◆ WHAT YOU ARE ASKED TO DO:
The entries below hold a line with "A BRITISH 1803" and a line with "The summit cairn". Return those lines and all that lie between them, exactly and only.

◆ SUPPLIED ENTRIES:
***
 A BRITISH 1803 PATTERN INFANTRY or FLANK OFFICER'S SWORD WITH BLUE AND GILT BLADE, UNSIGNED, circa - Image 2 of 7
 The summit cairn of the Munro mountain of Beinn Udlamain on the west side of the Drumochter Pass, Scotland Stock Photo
***
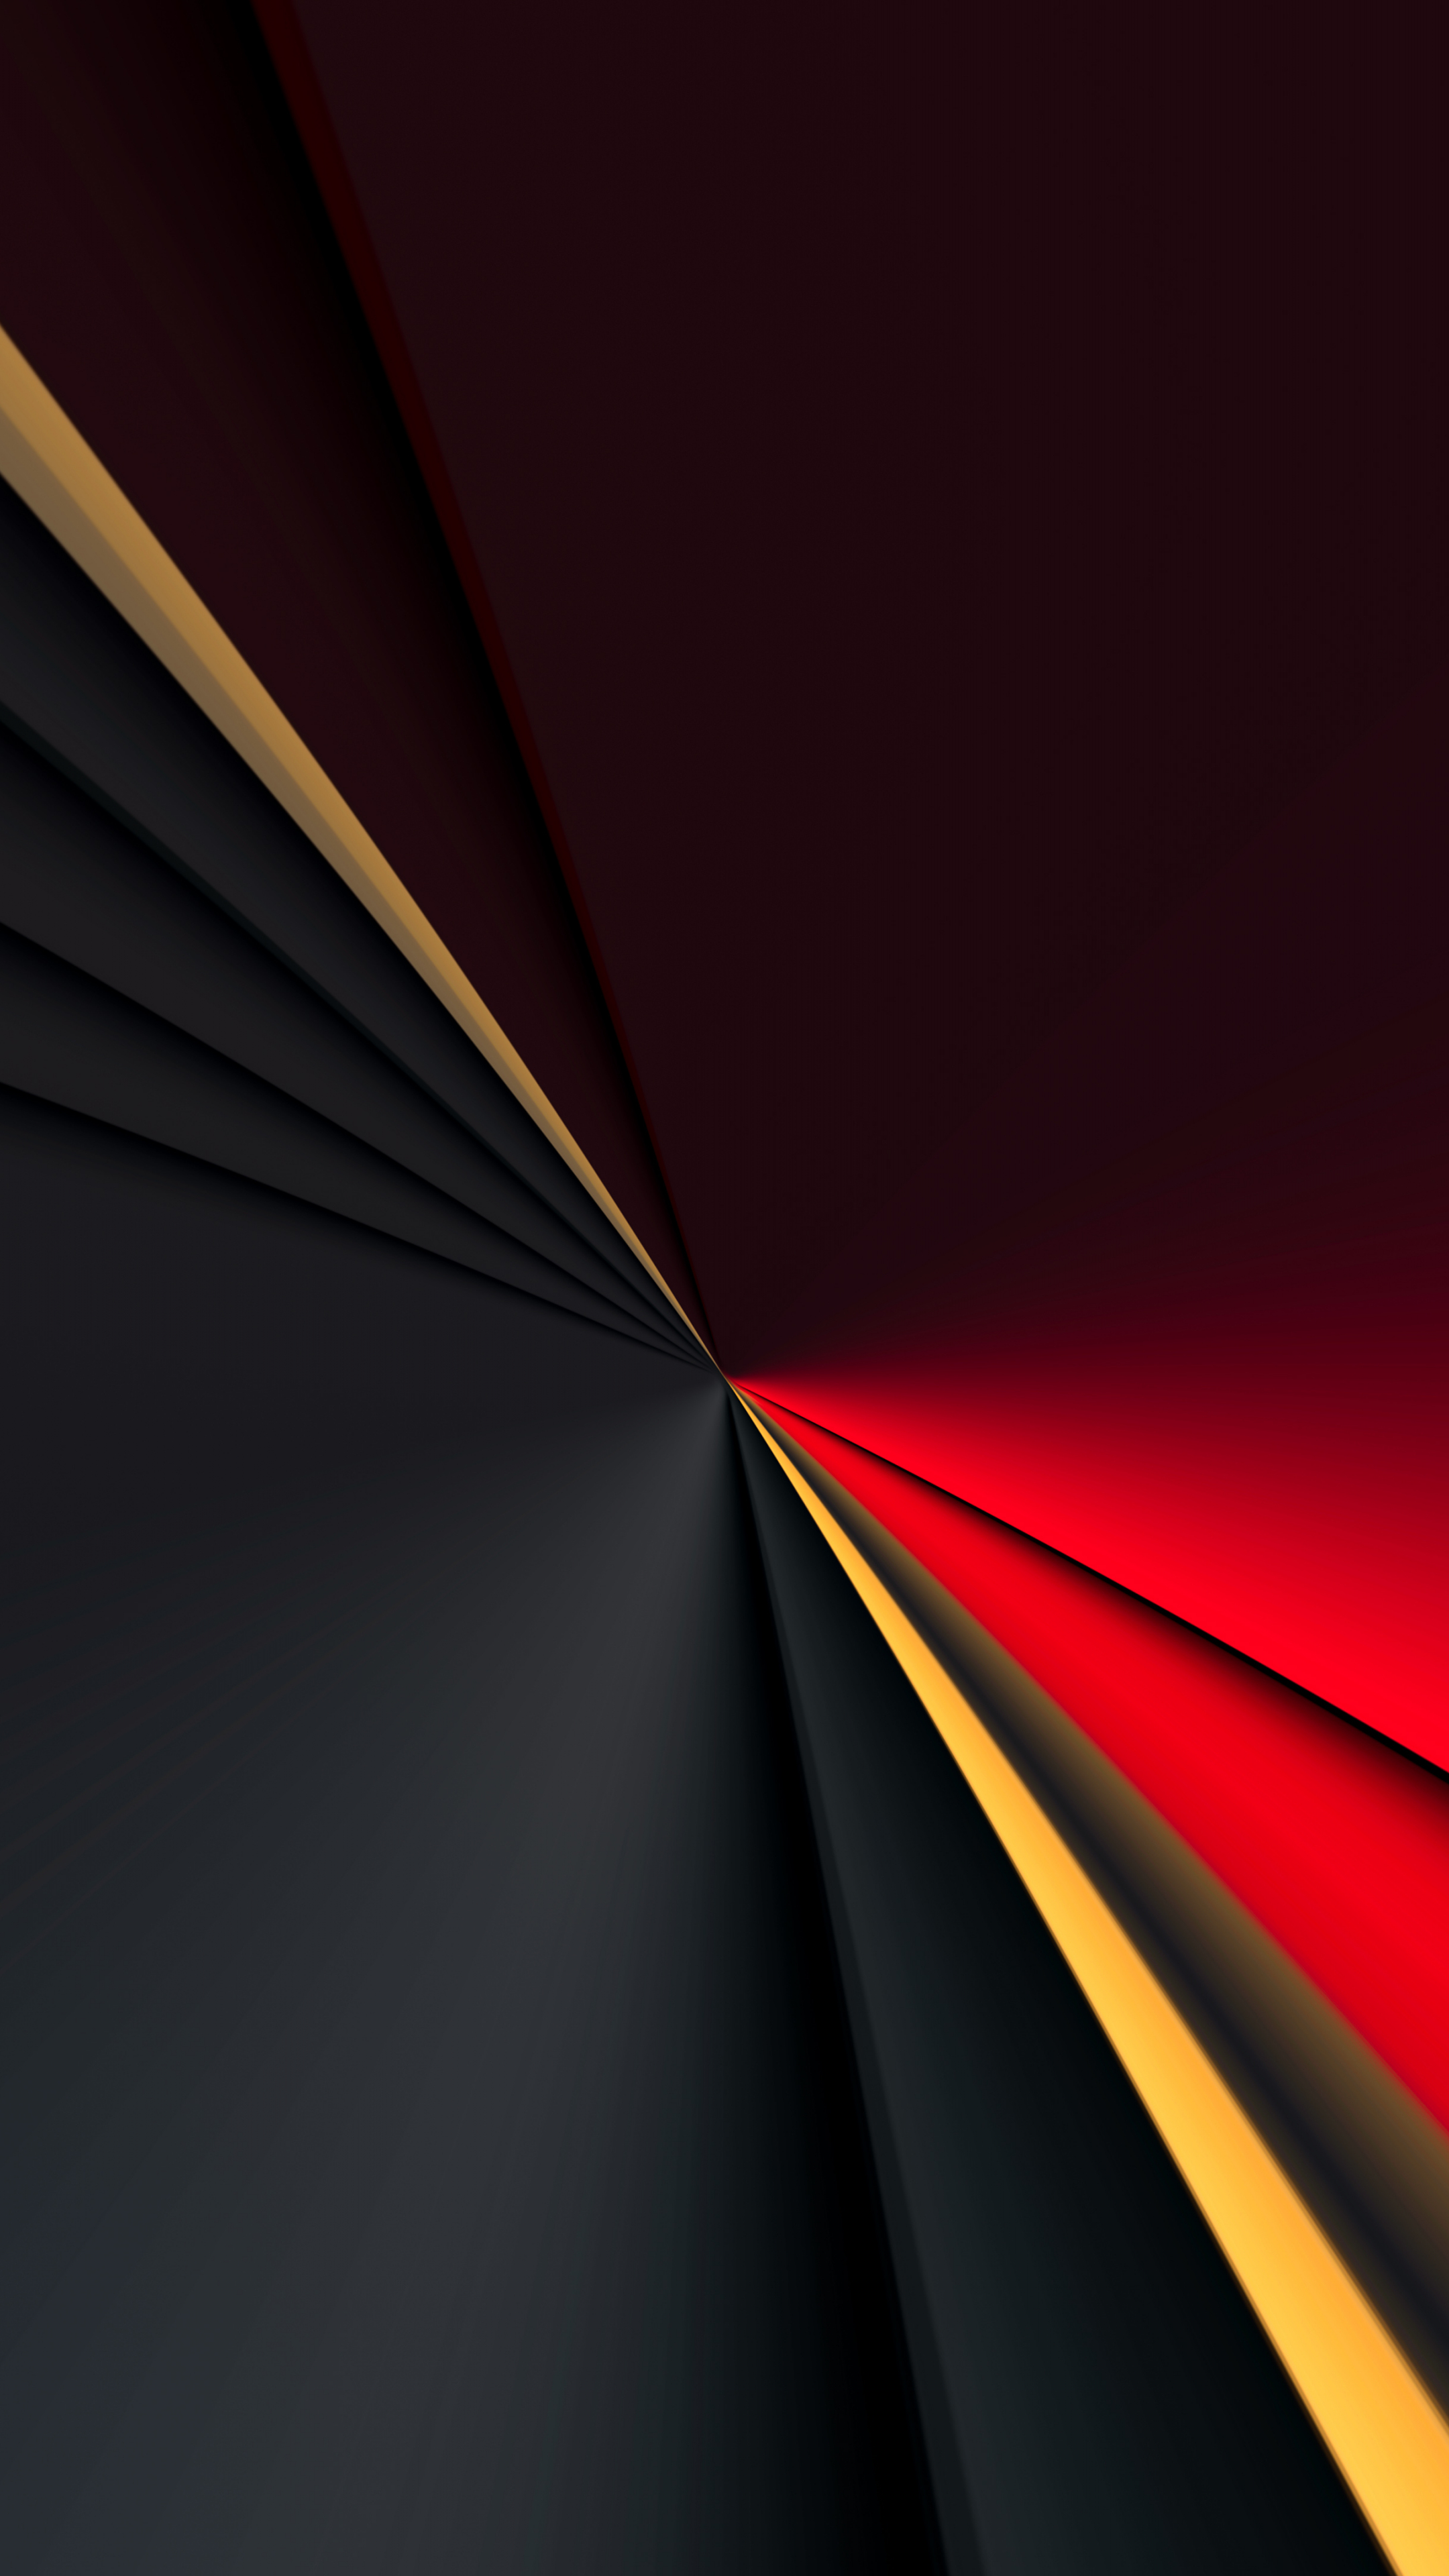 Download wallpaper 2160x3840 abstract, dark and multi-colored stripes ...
***
◆ EXPECTED ANSWER:
 A BRITISH 1803 PATTERN INFANTRY or FLANK OFFICER'S SWORD WITH BLUE AND GILT BLADE, UNSIGNED, circa - Image 2 of 7
 The summit cairn of the Munro mountain of Beinn Udlamain on the west side of the Drumochter Pass, Scotland Stock Photo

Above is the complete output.